Ray Elbe suffered his share of lumps and bruises while starring in the reality show The Ultimate Fighter in 2009, but three years later he would experience the greatest pain of his life when he broke his penis during a rough bout of intercourse with his girlfriend. (Penile fractures—usually accompanied by a snapping sound—frequently occur, and if you don’t particularly care to see a graphic photo of a bruised and fractured penis, I’d suggest you don’t click on this link.)
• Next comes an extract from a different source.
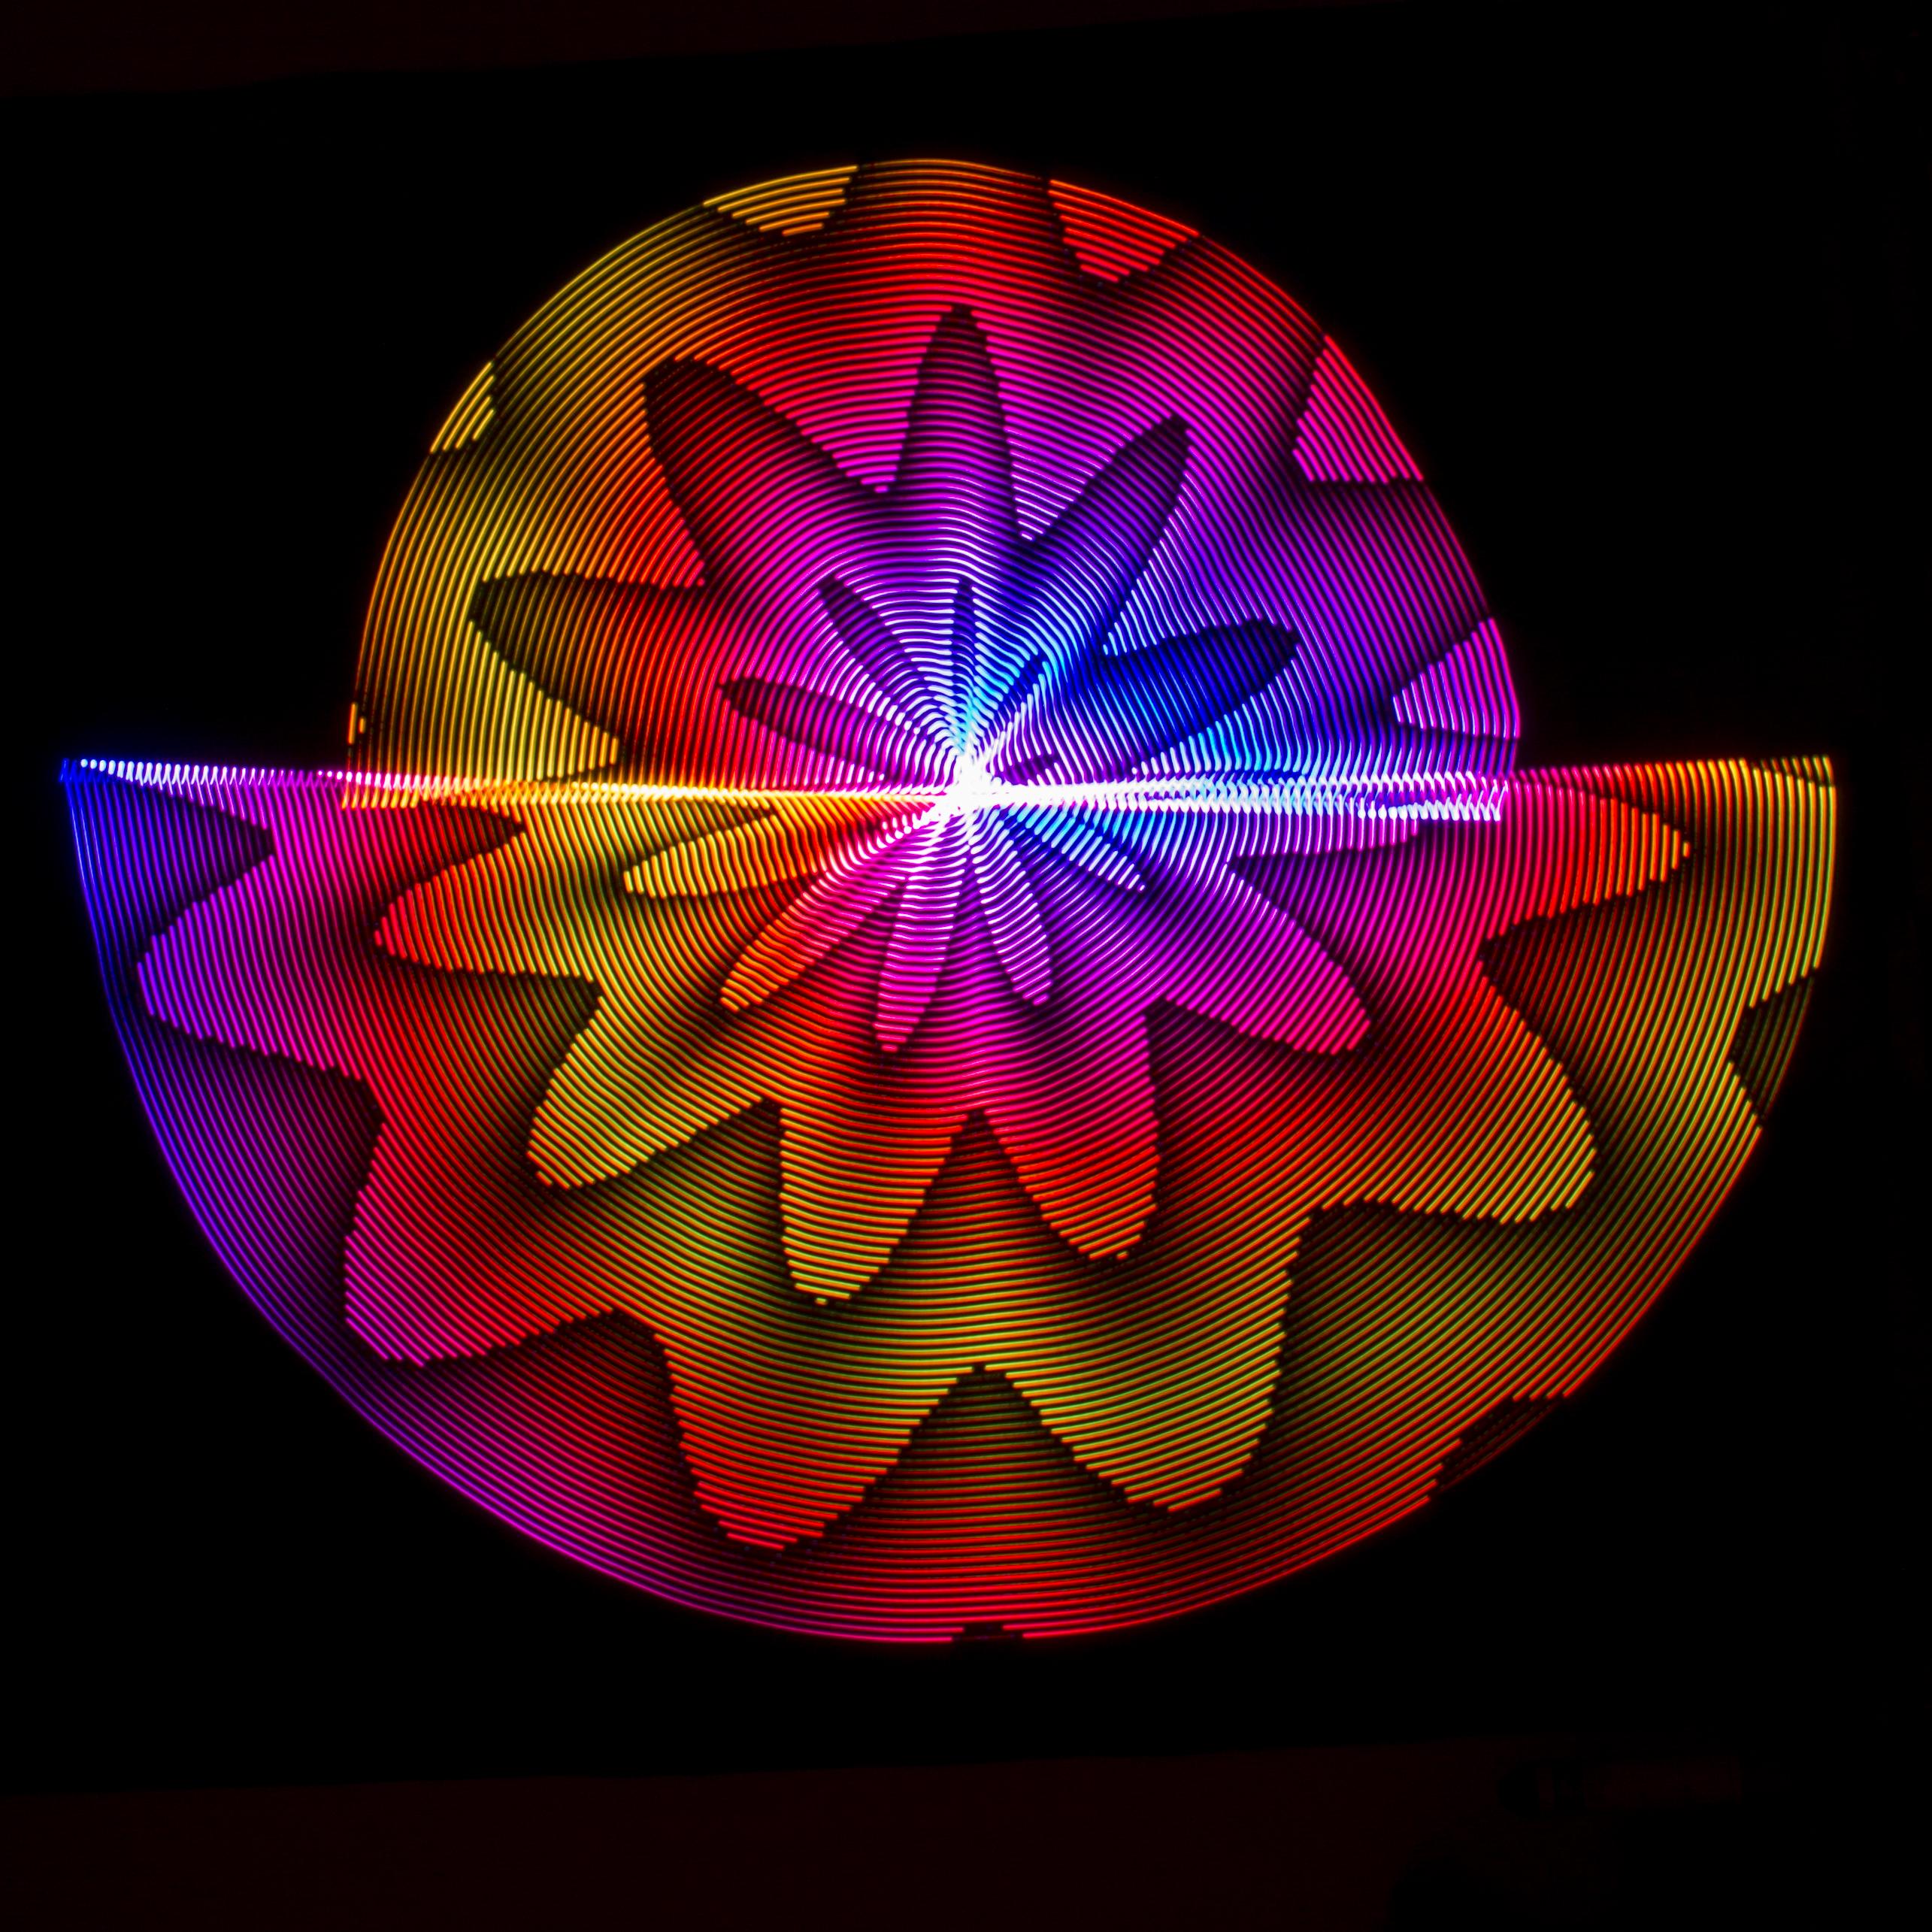 free images light leaf flower purple petal pattern red

Elbe’s injury happened in Malaysia, and he took to YouTube to explain the event:
On his blog he also posted a highly inappropriate “lol,” but since I hate every instance of “lol” that has ever occurred on the Internet and in text messaging, I’d consider them all inappropriate:
I hope my story helps someone with a similar injury in some way…as this experience is truly something you would never wish on anyone lol.
7. Woman injured by homemade power-tool saber-saw dildo contraption.
In what news outlets variously described as a “sex toy mishap” and a “Power Tool Sex Toy Encounter,” a Maryland woman was airlifted to a local hospital after receiving “unusual injuries” when her partner attached a plastic dildo to a saber-saw blade and began using it to pleasure her, only to have the blade cut through the dildo and into her.
8. Woman suffers severe blood loss after using vibrator/dildo according to factory instructions.
A California woman with the delightfully sprightly name of April Bonjour sued sex-toy manufacturer Pipedream Products—whose slogan is, “We Don’t Make the Orgasm … We Make the Orgasm BETTER!” when she allegedly lost pints of blood after her boyfriend used one of the company’s vibrator/dildo products on her during an apparently robust round of foreplay.
According to Bonjour:
On November 3, 2010 my boyfriend and I used a Pipedream Products vibrator/dildo during foreplay. During usage I felt an intense sharp pain inside of my vagina. My boyfriend quickly removed the toy, it was covered with blood. I started to get faint from the loss of blood my boyfriend called 911. By the time they got there I was in and out of consciousness. My son was woken up so we could go to the hospital. He was terrified at the sight of me.…My family and myself have endured extreme emotional duress due to this episode.…It is for this reason I have initiated this lawsuit.
9. Woman suffers stroke after hickey.
I suppose giving someone a hickey doesn’t technically qualify as “sex,” but this case of playfully erotic neck-nibbling landed a 44-year-old Maori woman in a New Zealand hospital. The hickey her partner bestowed upon her caused a blood clot, which caused a stroke and left her partially paralyzed. According to a doctor at Auckland’s Middlemore Hospital, “To my knowledge, it’s the first time someone has been hospitalized by a ‘hickey.’”
10. Woman electrocuted to death by nipple clamps.
When Pennsylvania police responded to an emergency call at the mobile home of Robert Taylor in early 2008, Taylor originally told them his wife Toby had accidentally electrocuted herself to death with a blow dryer after showering. When police began doubting the details of his story, he sheepishly admitted that he and Toby indulged in “weird sexual behaviors” and that he’d electrocuted her while delivering electric shocks via nipple clamps. He was arrested and charged with reckless endangerment and involuntary manslaughter.
11. Drunk woman smothers man to death with her ample breasts.
Fifty-year-old trailer-park resident Donna Lange of Everett, WA, was accused of smothering her boyfriend to death with her bodacious ta-tas during a drunken argument in early 2013. According to the inimitably salacious UK press, Lange had “turned her huge boobs into deadly weapons.”
12. Man dies after being anally penetrated by horse.
I saw a short video clip of this incident nine years ago and find myself unable to unsee it. In July 2005, a certain Kenneth Pinyan was visiting a farm in Enumclaw, WA that allegedly catered to men who enjoyed sexual relations with animals. After willfully allowing a stallion to mount him, Pinyan died of a perforated colon. When investigators became aware that this was not an isolated incident at the farm, they began viewing “hundreds of hours” of videotapes that had been shot there. Hundreds of hours…thousands of shudders.